No. This is not a legally enforceable contract. Any agreement the subject matter of which is illegal or is otherwise manifestly contrary to public policy will not be enforced by the courts.
How are the contents of a contract classified?
Terms and Representations:
A "Term" is part of the contract but a "representation" is not. During the course of negotiation the parties to a contract might have made a large number of representations to each other, some of which might have been incorporated into the contract as a "term" but others might not.
Conditions, Warranties and Innominate Terms:
Contractual terms are generally divided into "conditions", "warranties" and "innominate terms"
"Conditions" are the more important terms (i.e. those which "go to the heart of the contract"). Where there has been a breach of one or more of the conditions, the innocent party is entitled to set aside the contract in question in addition to receiving compensation for the loss and damages he has suffered.
"Warranties" are the less important terms (i.e. those which are only "peripheral to the subject matter of the contract"). Where there has been a breach of one or more of the warranties, the innocent party is only entitled to compensation, but not to set side the contract.
"Innominate Terms" are those intermediate terms that can neither be classified as "conditions" nor as "warranties". Where there has been a breach of innominate terms the innocent party is entitled to compensation but may or may not be entitled to set aside the contract, depending on the gravity of the breach.
Express Terms and Implied Terms:
"Express terms" are terms that have been unambiguously expressed by the two parties in writing (or orally) in the contract.
"Implied terms" are terms that have never been expressly mentioned by the parties. Terms may be implied by the parties themselves, by law, or by customs.

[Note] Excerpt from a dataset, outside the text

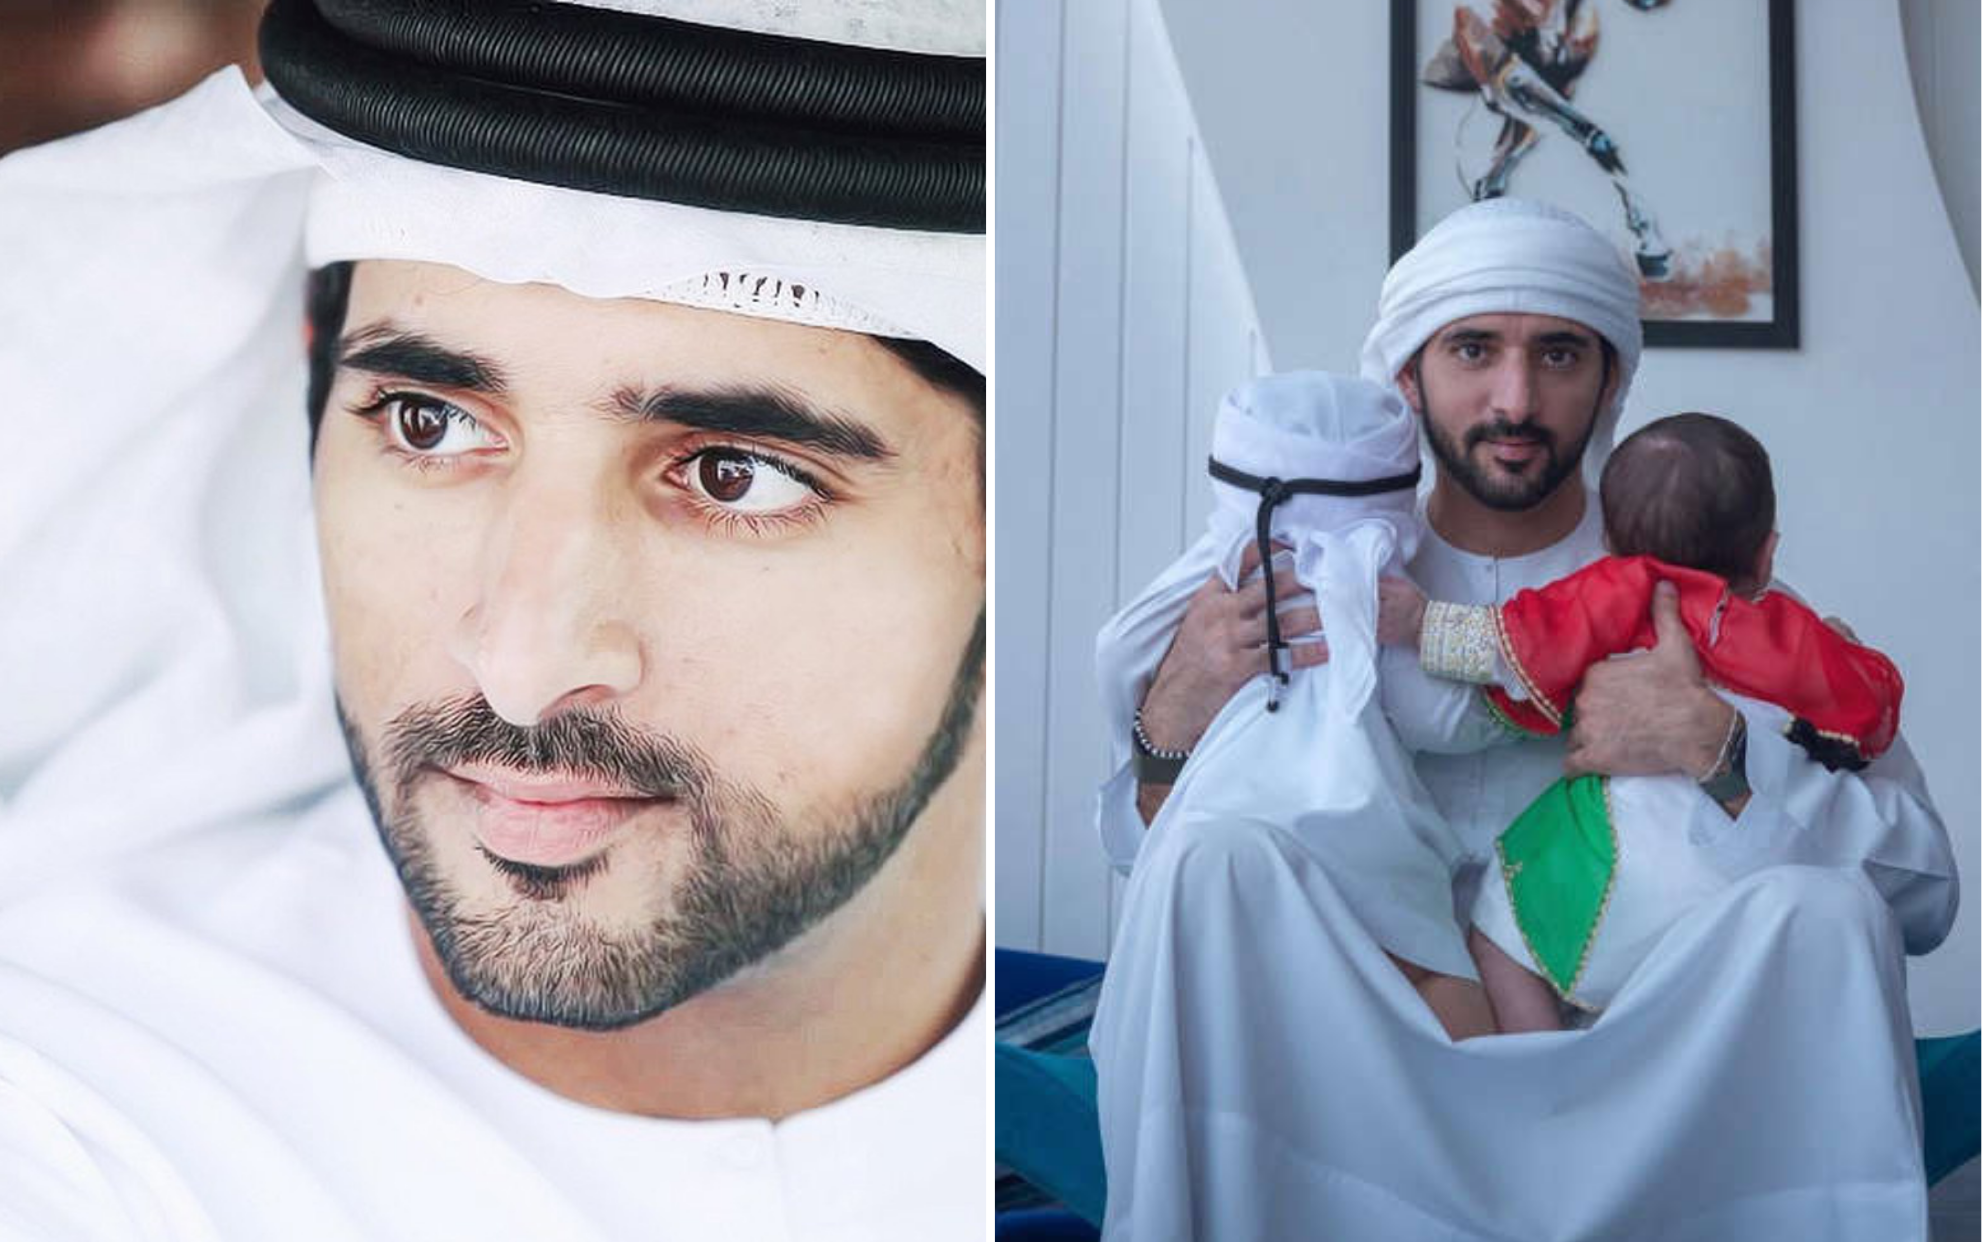 Thái tử đẹp trai nhất Dubai làm triệu fan nữ ngỡ ngàng khi khoe hai con sinh đôi, danh tính người vợ bí ẩn càng gây tò mò

"Exemption clauses" are contractual terms that purport to exclude or limit the liability of a party against the other. The effects of any such clauses are regulated by the Control of Exemption Clauses Ordinance (Chapter 71, Laws of Hong Kong).
What remedies are available in a breach of contract action?
The remedies available in a breach of contract action include:
Damages, i.e. monetary compensation;
Specific Performance, i.e. an order of the court compelling a party to honour his promises; and
Injunction, i.e. an order of the court prohibiting a party to do certain acts.